STUDY SHOWS STEADY DECLINE

According to a University of Central Florida study in 2011, more minorities and women are running Major League Baseball and its teams, but the number of African-Americans playing the sport continues to drop. The annual report card issued by Richard Lapchick, director of UCF’s Institute for Diversity and Ethics in Sport, showed that African-American players made up 8.5% of that season’s opening day rosters, a decline from 10 percent in the previous season and the third- lowest percentage in decades.

In the latest study, Lapchick said Black players made up 7.2% of opening day rosters this season, falling from 7.6% last year. It marks the lowest percentage since the initial study in 1991, when 18% of MLB players were Black.

The dwindling number of Black players was not lost on one of Evans’ sons as they watched the hometown Royals, in their 2015 run to the World Series. He was 10 years old at the time and noticed that while players were being interviewed, something was missing.

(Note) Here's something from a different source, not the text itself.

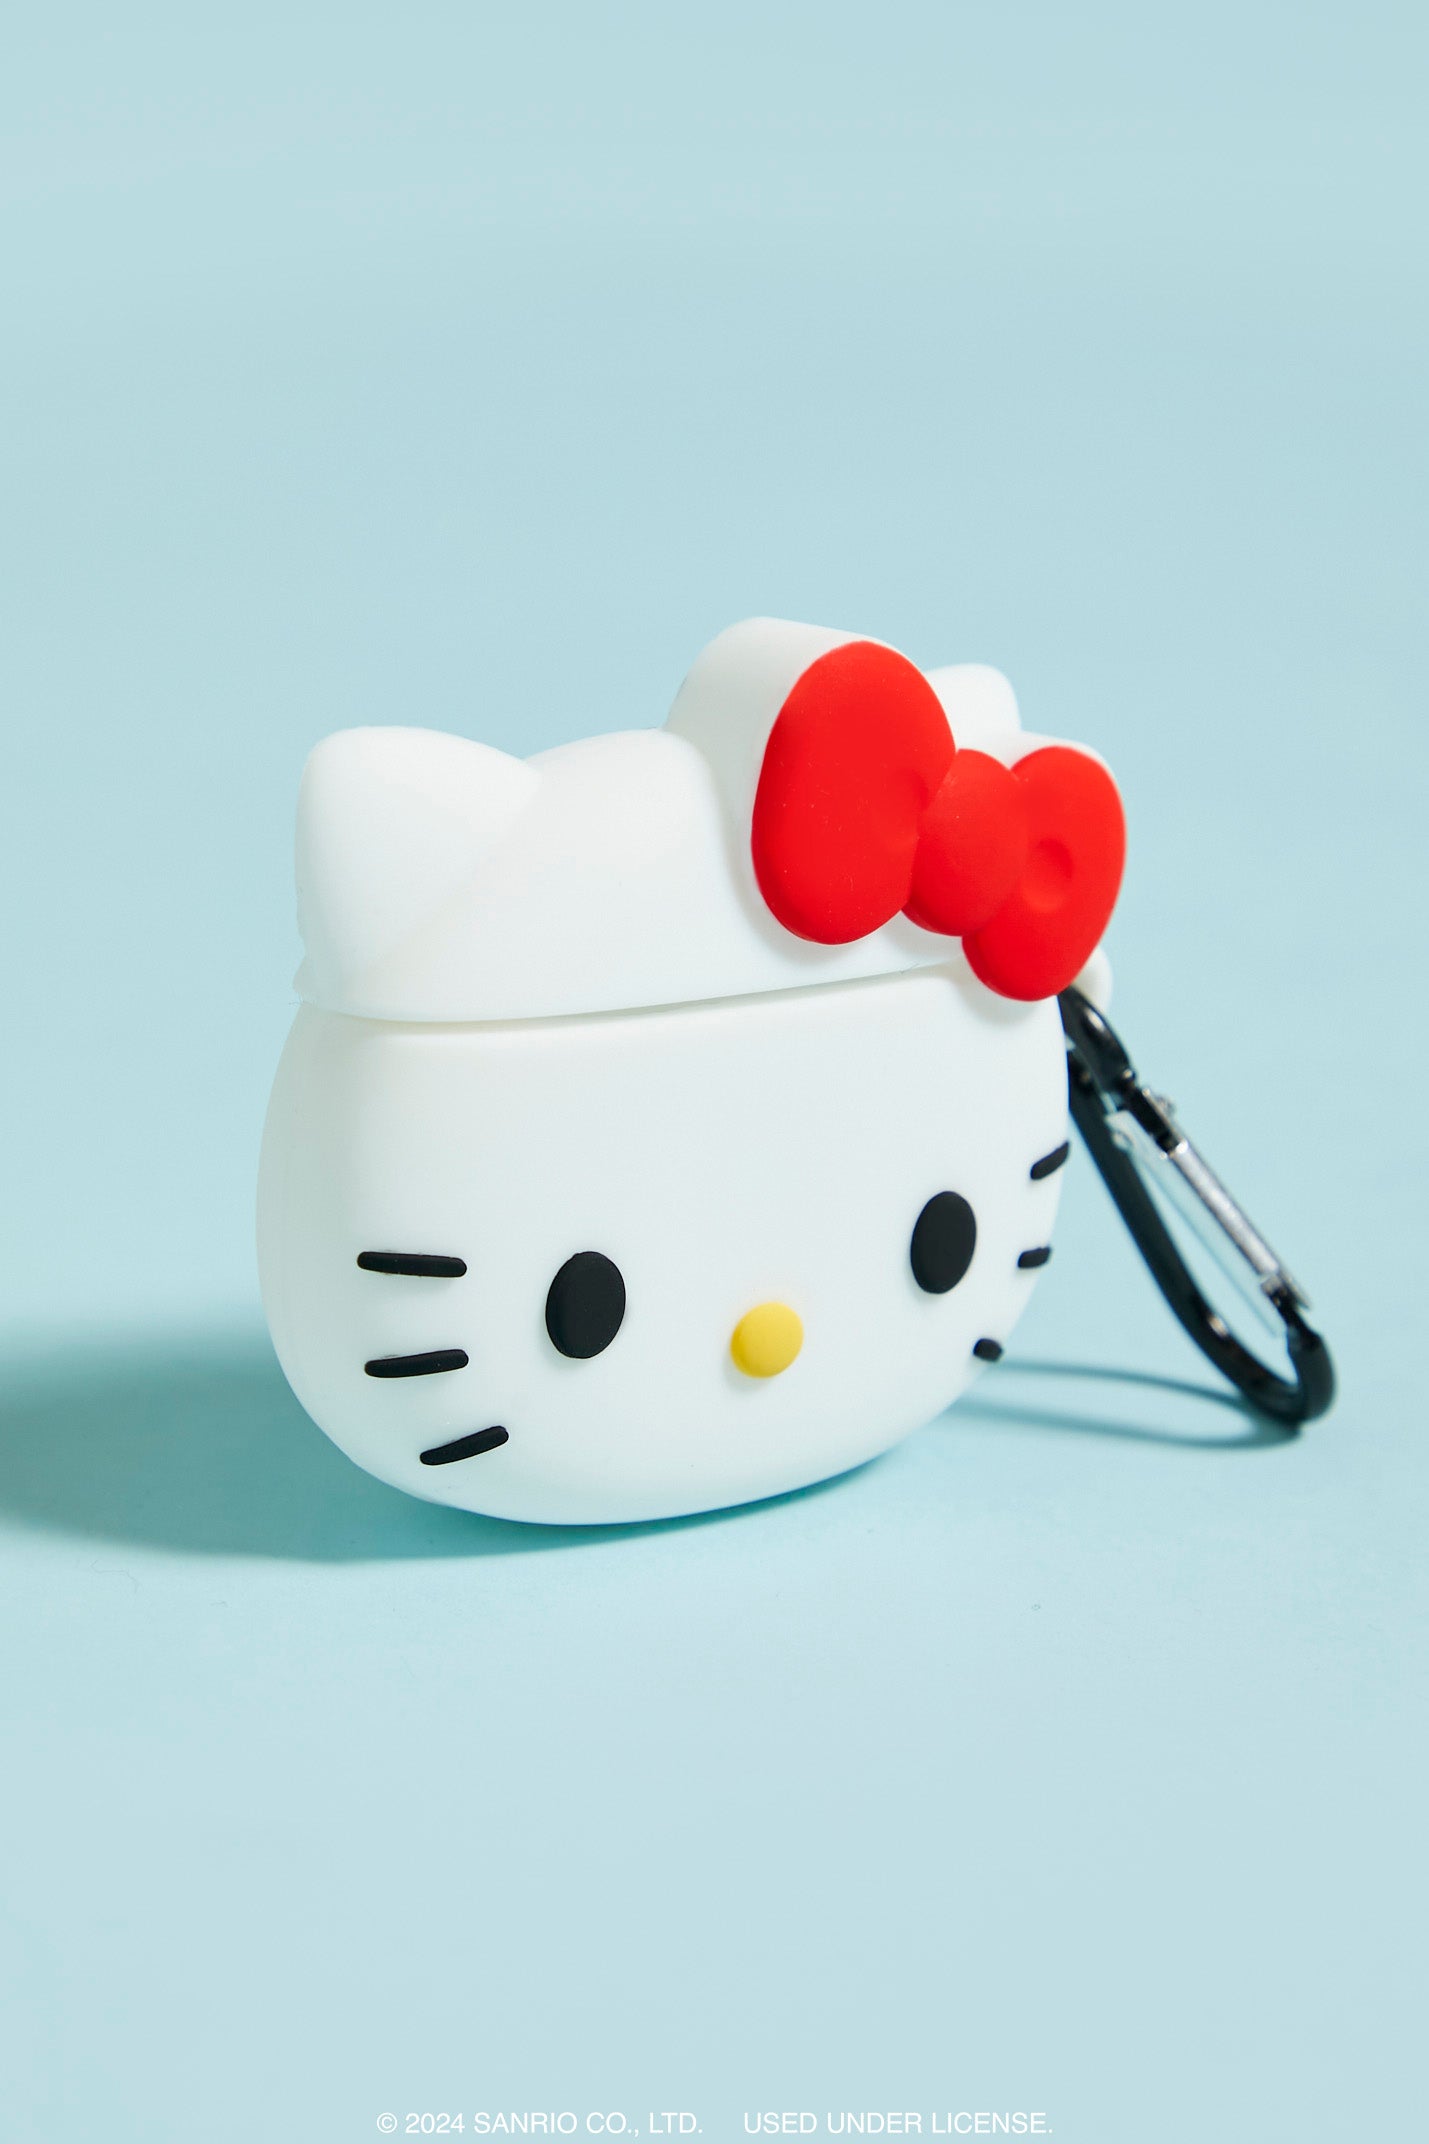 Hello Kitty Wireless Earbud Case

“And my son said to me, he was like, ‘Daddy, he doesn’t speak English, either.’ No, none of the Black players speak English. And he was crushed, Evans says. “Like, he’s been watching what he thought were Black players. You know, he wasn’t really thinking about their names. We thought these guys were like him. And then they have an interpreter or they barely speak English. Like I can see a piece of him crushed.”

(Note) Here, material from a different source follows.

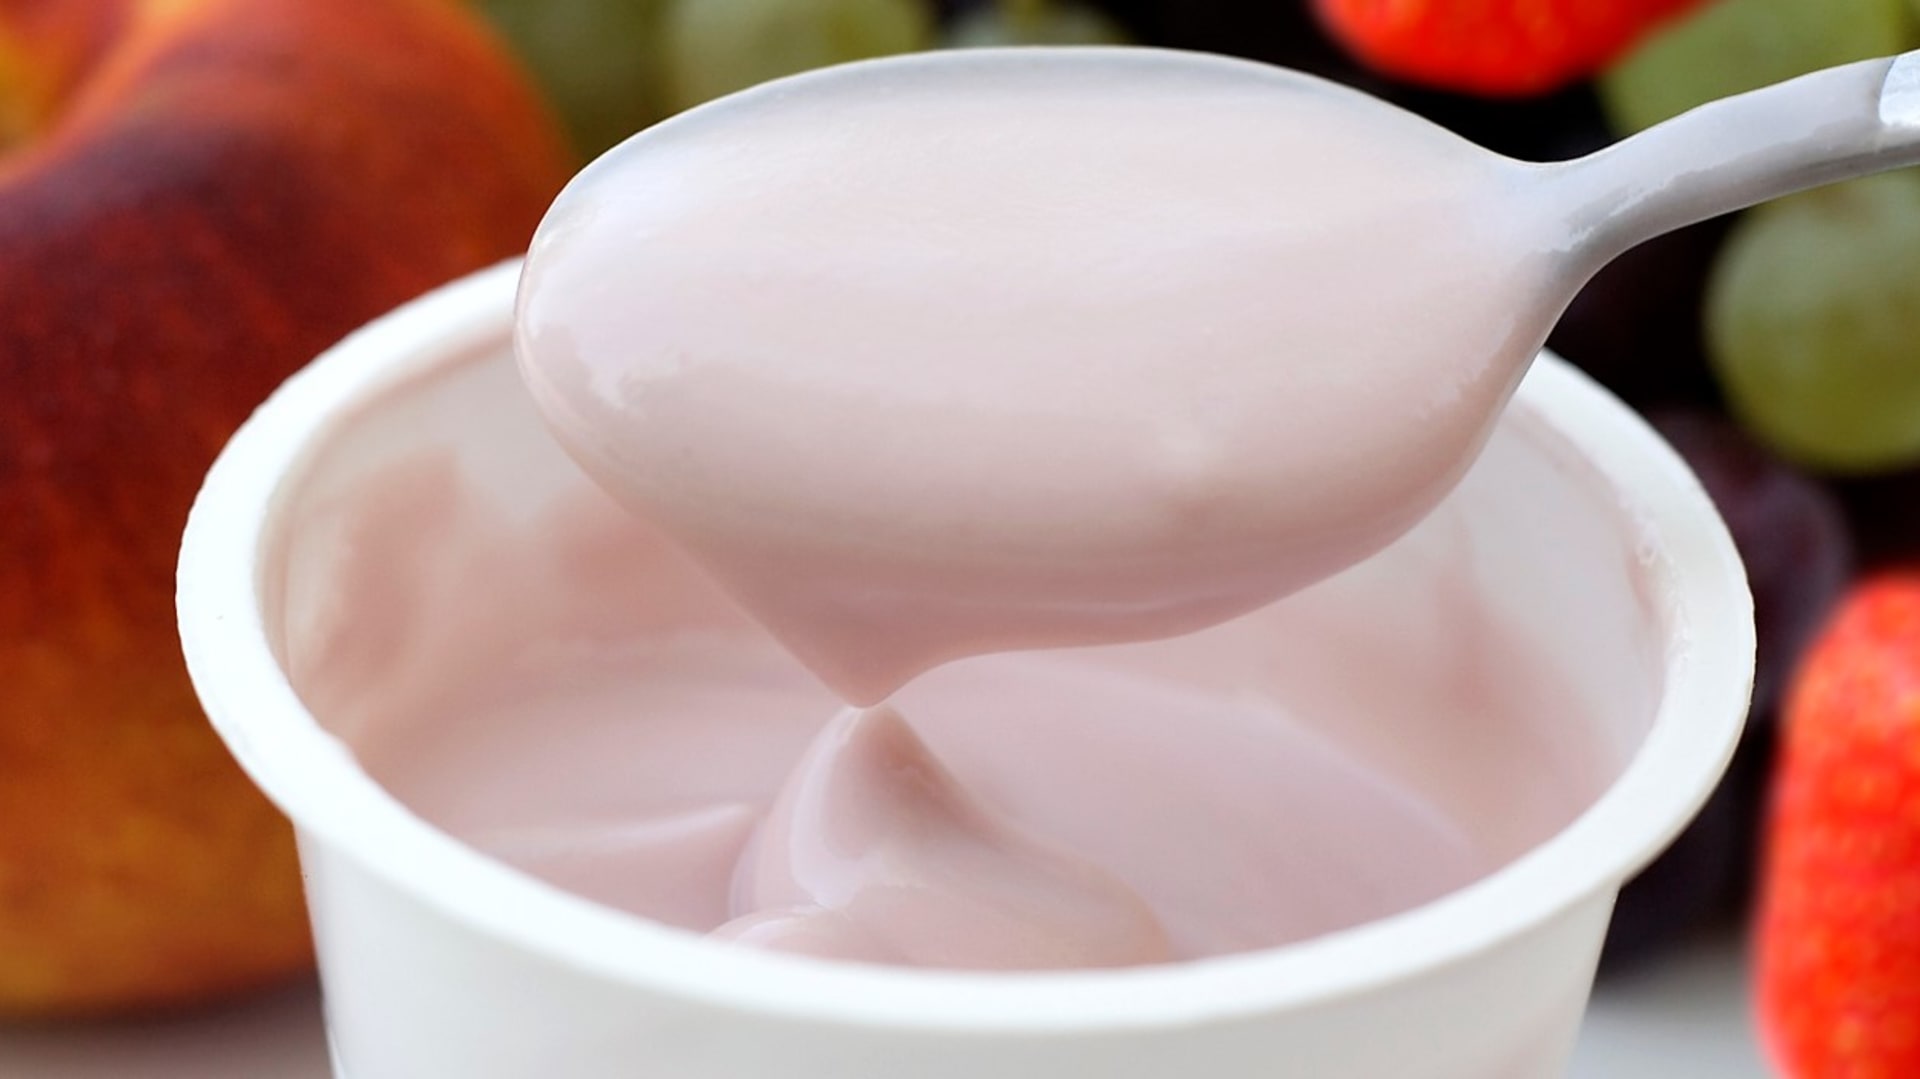 Kdo chce mít v jogurtu opravdu ovoce, měl by preferovat  tzv,. ochucené výrobky. Označují se třeba jako jahodový/jahoda. Jestliže je ale na jogurtu uvedeno s jahodovou příchutí/s příchutí jahod, nemusí vněm být vůbec žádné ovoce.

Given the demographic of this year’s World Series, Evans isn’t banking on Black kids tuning in to any of the games.

I imagine, it may not even be a big enough number to register, but the numbers will be low of Black kids watching the World Series. When Mookie Betts did more for the World Series, and they definitely give him credit, everybody’s watching just to watch Mookie,” Evans says.”And there is Mookie Betts was the MVP. Like, how did he not get it?”

In 2020, Betts was the only US-born Black player in the World Series. Teammate Corey Seager won the MVP award.

I AM KING TAKES OFF

Evans says I Am King began as a game of T-ball for his two sons, and notes that he had too beg parents to join him in his venture. Two years later, he had two T-ball teams and two 8-year-old teams. Baseball was the focus, but Evans, who didn’t play baseball at Morehouse, had different motivations.

“And so, we use baseball as a platform to teach them to be community leaders. So we pretty much work with them year-round. We have some special programs.”

Members of one of the I Am King Foundation teams (Foundation photo)

Evans is borrowing from his time at Morehouse to sculpt his program.

“Same mentality of the Brotherhood,” he says.”But that’s kind of the mentality that I raised them all with, you know, having some community service, making sure you stay on top of your books, making sure you’re respectful and you understand how to have a healthy relationship with women or with your mom. I don’t know if it’s coaching, but it’s not coaching. But you really care about the kids.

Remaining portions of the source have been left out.